Proper logging is essential for Ruby web scraping projects to monitor performance, debug issues, track success rates, and maintain reliable scraping operations. This guide covers comprehensive logging strategies, from basic setup to advanced structured logging patterns.
Why Logging Matters in Web Scraping
Web scraping involves numerous potential failure points: network timeouts, rate limiting, HTML structure changes, and anti-bot measures. Effective logging helps you:
- Debug scraping failures and understand why requests fail
- Monitor scraping performance and identify bottlenecks
- Track success rates and data quality metrics
- Comply with rate limits and avoid getting blocked
- Maintain audit trails for compliance and debugging
Basic Logging Setup with Ruby's Logger
Ruby's built-in Logger
class provides a solid foundation for web scraping projects:
require 'logger'
require 'net/http'
require 'nokogiri'
class WebScraper
def initialize
@logger = Logger.new(STDOUT)
@logger.level = Logger::INFO
@logger.formatter = proc do |severity, datetime, progname, msg|
"[#{datetime}] #{severity}: #{msg}\n"
end
end
def scrape_page(url)
@logger.info "Starting scrape for #{url}"
begin
response = fetch_page(url)
@logger.info "Successfully fetched #{url} (#{response.code})"

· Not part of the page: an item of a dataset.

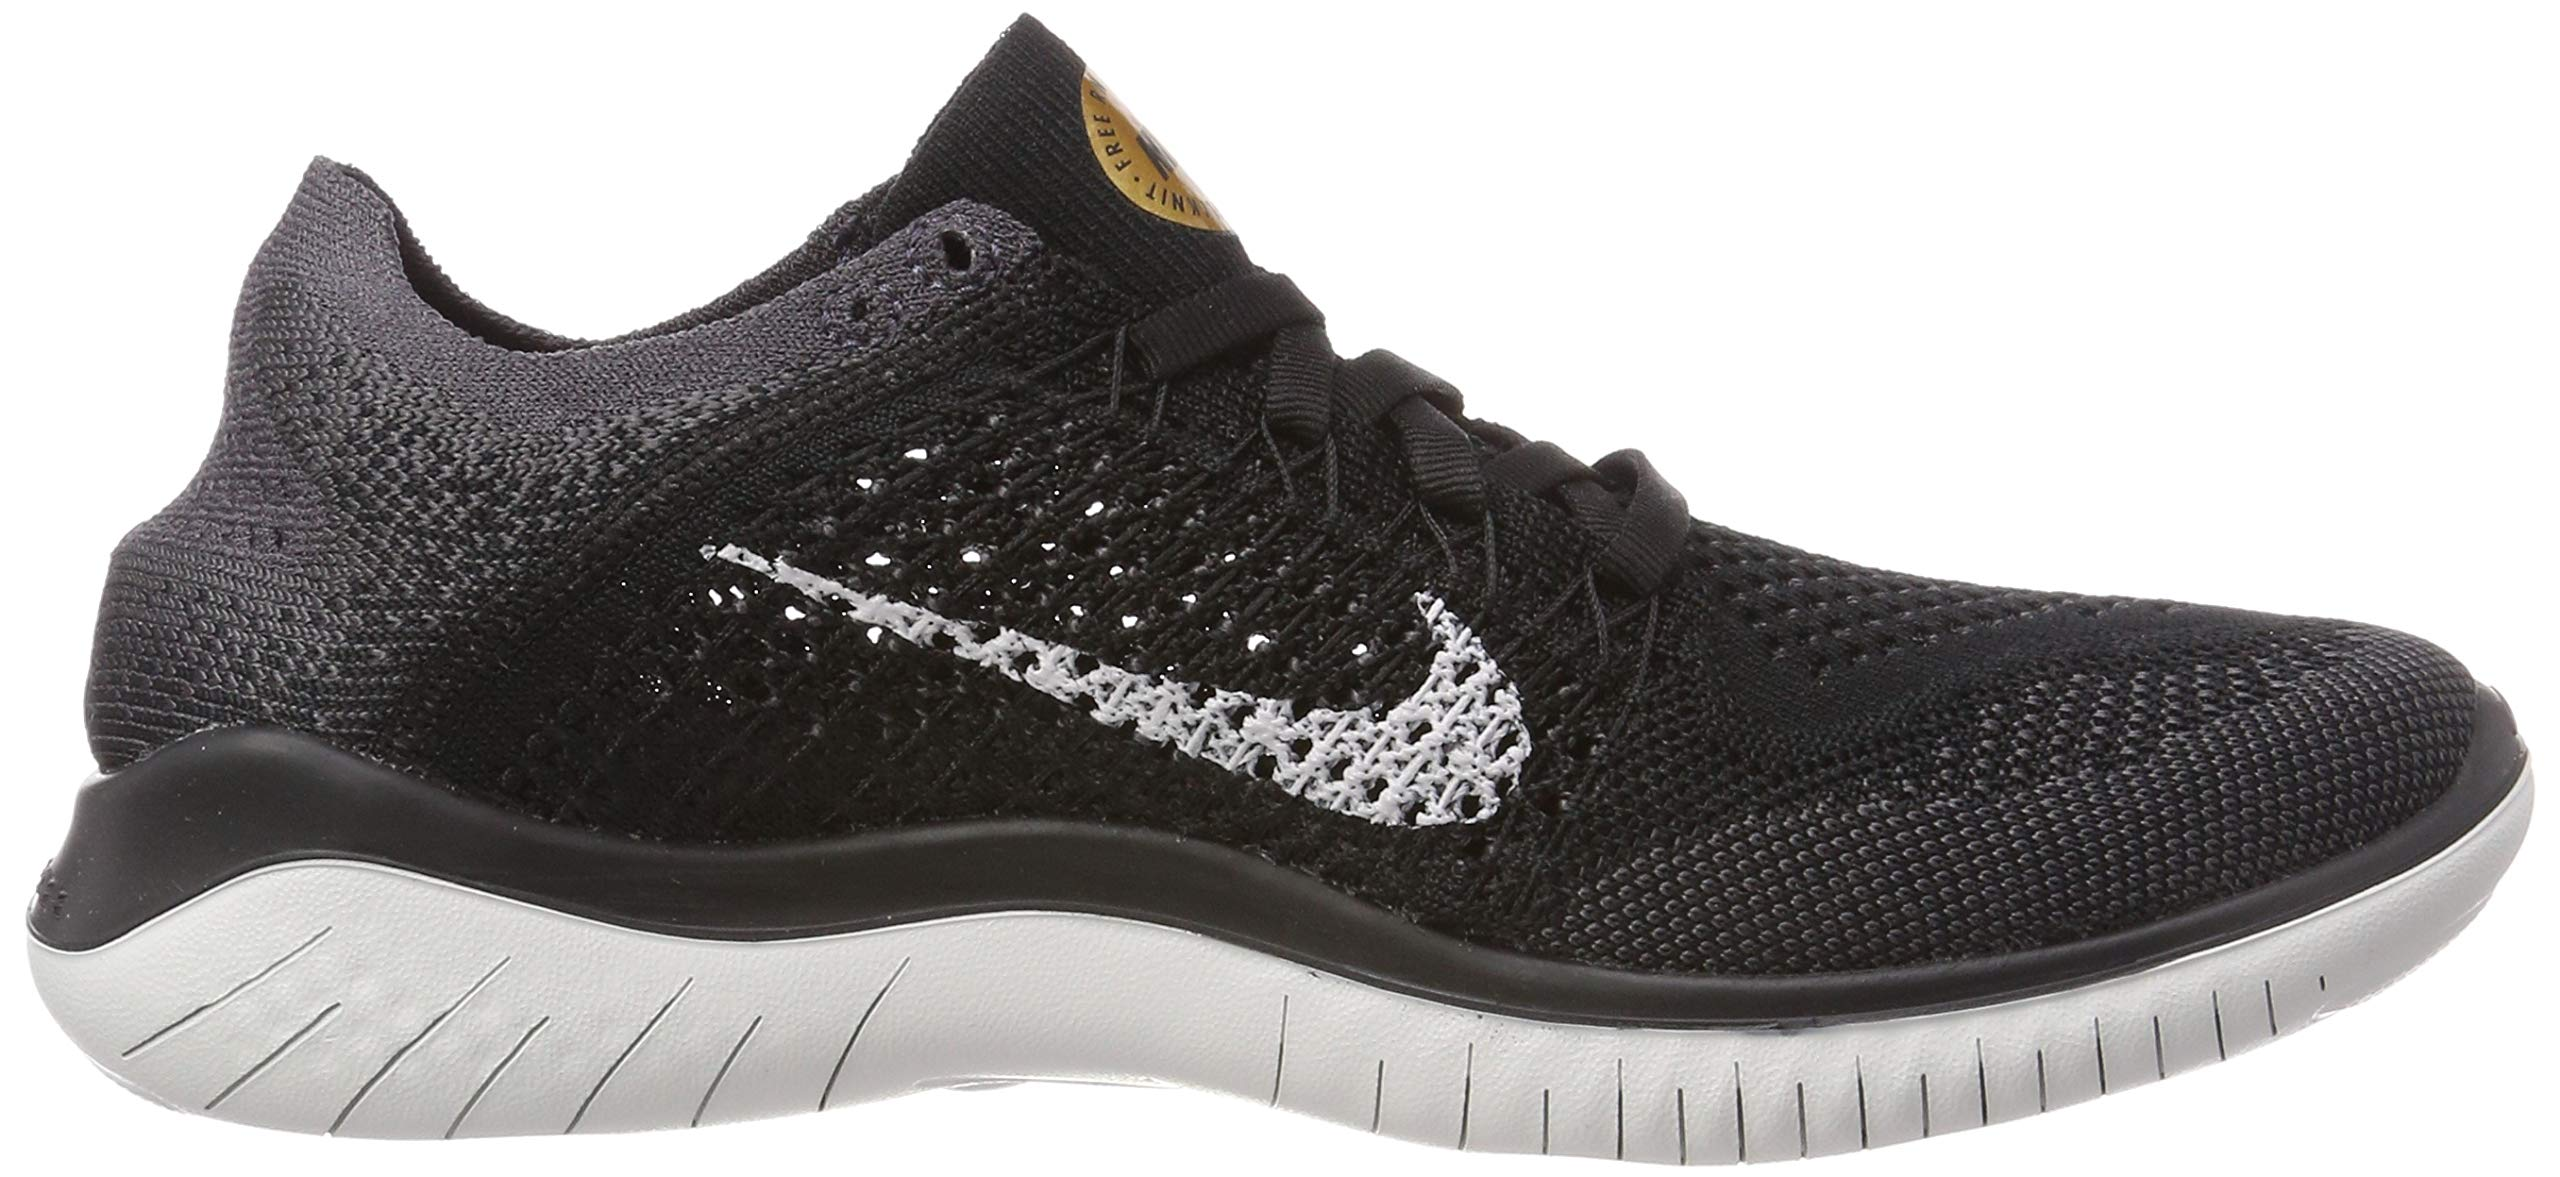 Nike Womens Free Rn Flyknit 2018 Womens 942839-005 Size 5 by Nike (Image #6)

doc = Nokogiri::HTML(response.body)
data = extract_data(doc)
@logger.info "Extracted #{data.length} items from #{url}"
data
rescue => e
@logger.error "Failed to scrape #{url}: #{e.message}"
@logger.debug e.backtrace.join("\n")
[]
end
end
private
def fetch_page(url)
uri = URI(url)
http = Net::HTTP.new(uri.host, uri.port)
http.use_ssl = true if uri.scheme == 'https'
request = Net::HTTP::Get.new(uri)
request['User-Agent'] = 'Mozilla/5.0 (compatible; WebScraper)'
@logger.debug "Sending request to #{url}"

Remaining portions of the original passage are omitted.